Artık bu saçmalıklarını dinlemekten gına geldi. Ama bunlar bu yalanları söylemekten bıkmadı, usanmadı. Utanma dersen yüzlerine bakın utanacak bir taraf kalmış mıdır? Haya perdelerini yırtanlar, hayatlarını yalan, iftira ve her türlü düzenbazlık üzerine kuranlar, verdikleri mücadelede hiçbir kural kaide tanımayanlar için söylenebilecek fazla da bir söz yoktur.
Bu bayana şunu da hatırlatmak istiyoruz; Derin devleti de sen ve senin gibilerin seroku olan Öcalan daha iyi biliyor! PKK'yi Öcalan'a kurduran yüzbaşı pliot Necati, Öcalan'ın kayınbabası ve MİT'in kadrolu elemanı Ali Yıldırım'a sorsanız derin devletin ne olduğunu size çok güzel anlatırlar. Ankara'nın karanlık dehlizlerinde MİT tarafından kurdurulan PKK'nin, sol kökenli olanları dahil, Kürd cemaat ve örgütlerinin başına nasıl musallat ettiklerini, saldırtıklarını, Kürd halkını nasıl perişan ettiklerini ve şimdi de yine MİT'in eliyle nasıl tasfiye edilmek istendiğini, görmek istemeyen idrakı körelmiş kör gözlere neyi anlatsan boştur!
Hizbullah cemaati, içinde bulunduğunuz sözde barış sürecinde olmayı da, senin gibilerin kararıyla olmasını zül addeder.
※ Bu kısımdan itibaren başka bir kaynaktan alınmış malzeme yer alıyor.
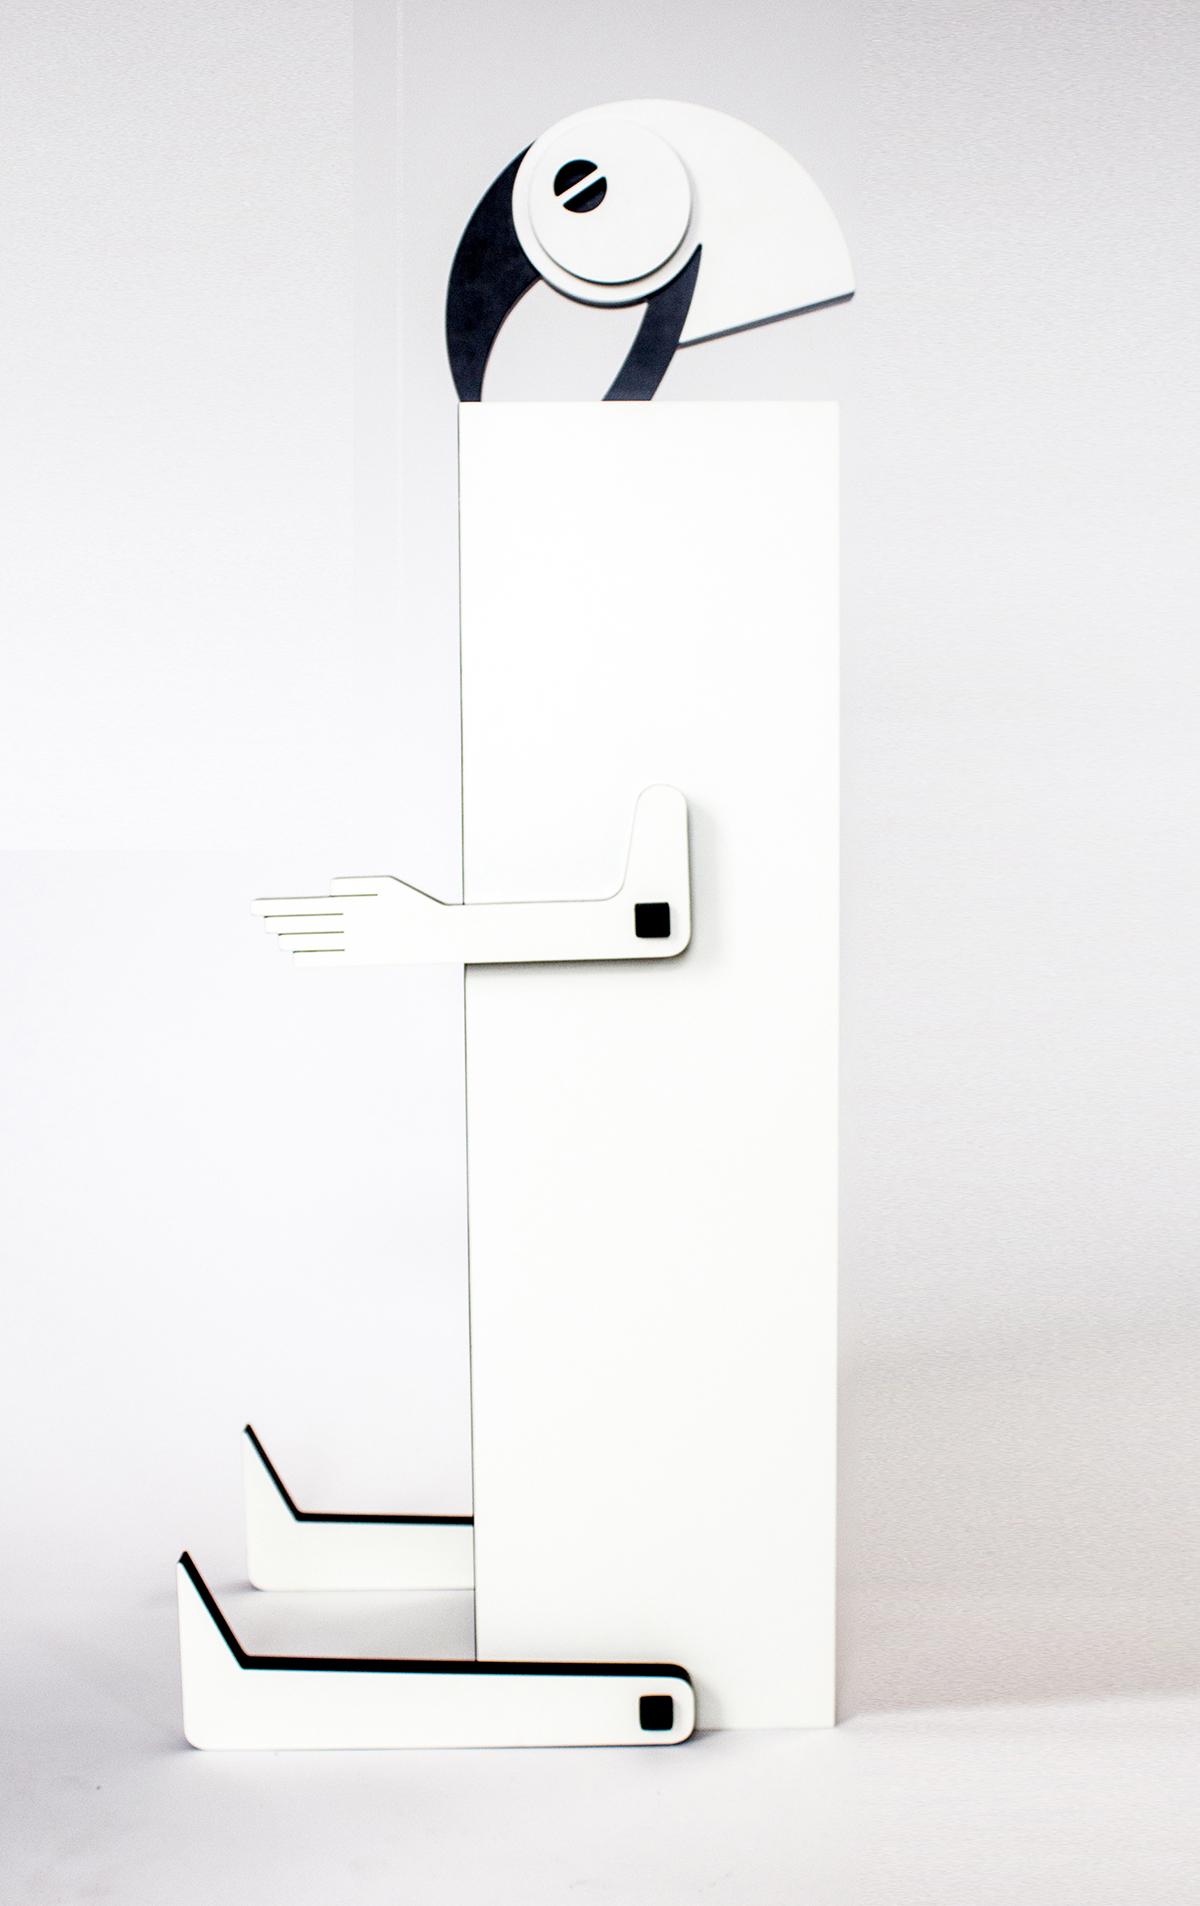 Crawl-chair-Materiallust-New-York-Design-Week-Collective-Childrens-Furniture-21.jpg

Hizbullah cemaati sizin neyinize güvenecek! İnsanların yüzüne başka, arkasında başka şeyler konuşursunuz. Yalan, iftira sizin için vak’ayi adiye haline gelmiş. Güvenirlilik, emin olma sizin yanınızda aptallığın göstergesidir. Velhasılıkelam sizin benzeriniz de kaypak, ahdu soz nedir bilmeyen, yalan makinası gibi çalışan bir örgüt, anlayış dünyada yoktur ve gelmeyecektir de!
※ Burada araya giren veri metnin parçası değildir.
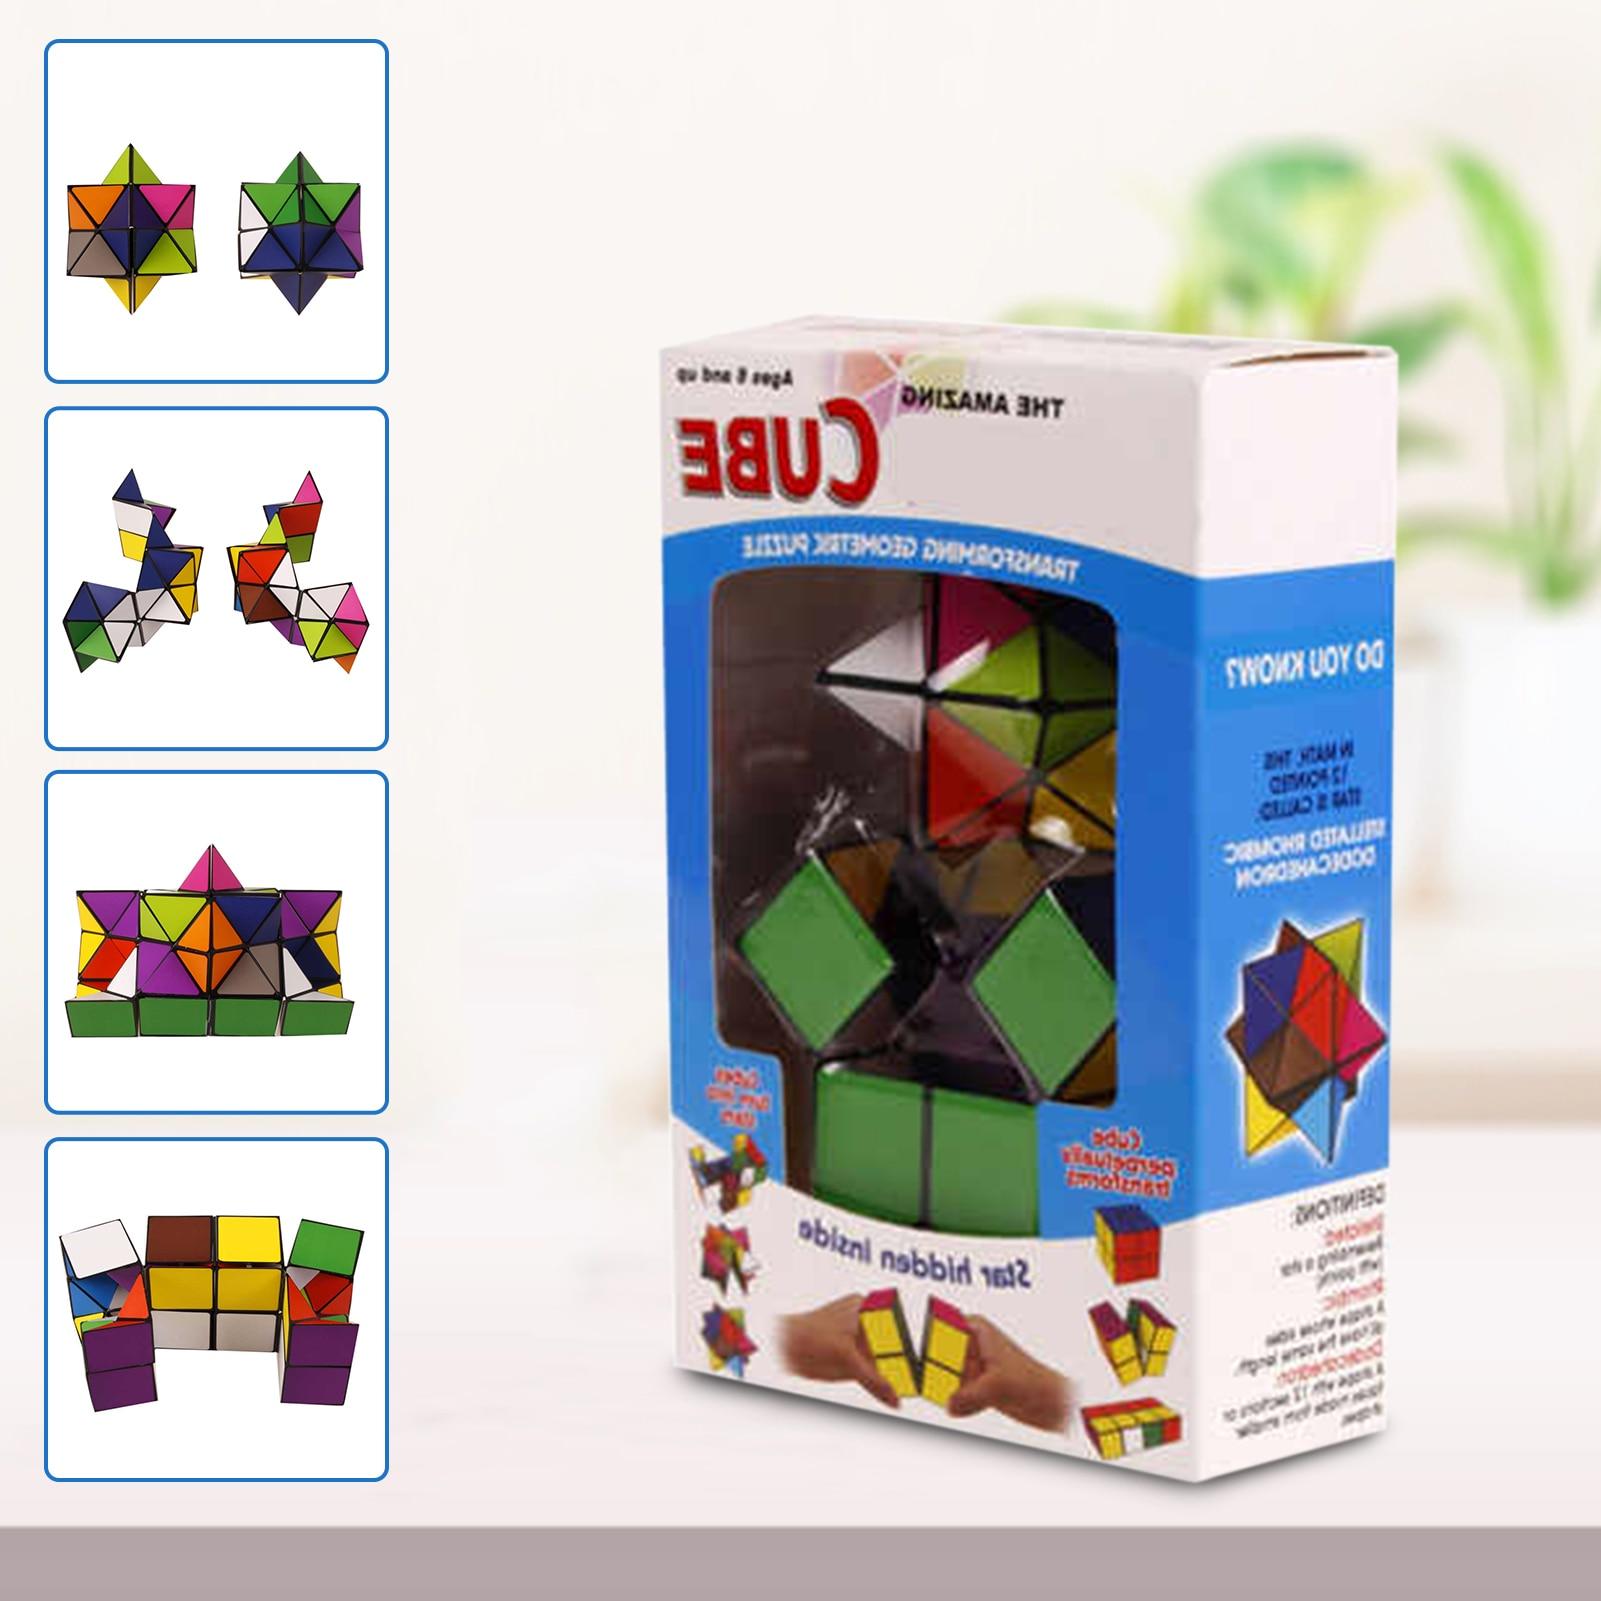 cubo magico 3d com estrela 2 em 04

Söz konusu kadının a haber’de yayınlanan Hizbullah’a yönelik küstahça sözleri…
DİCLE ÜNİVERSİTESİ'NDE YAŞANANLAR HİZBULLAH İLE DERİN DEVLETİN PROVAKASYONU, HİZBULLAH KÜRTLERDEN HELALLİK İSTESİN!
Dicle Üniversitesi'nde yaşananlar bir provokasyon. Ama bu Kürt gençlerinin provokasyonu değildir. Hizbullah ile derin devlet içerisinde olan güçlerin ortak çalışması olarak değerlendiriyorum. Hizbullah bu noktada Kürt halkına karşı çok ciddi suçlar işlemiştir ve Kürt halkının affedebileceği bir noktada değildir. Önce hakikaten bu sürece doğru özeleştiri ile yaklaşsın, Kürt halkından bir helallik istesin. Onsan sonra sürece dahil olur olmaz o ileriki tartışma.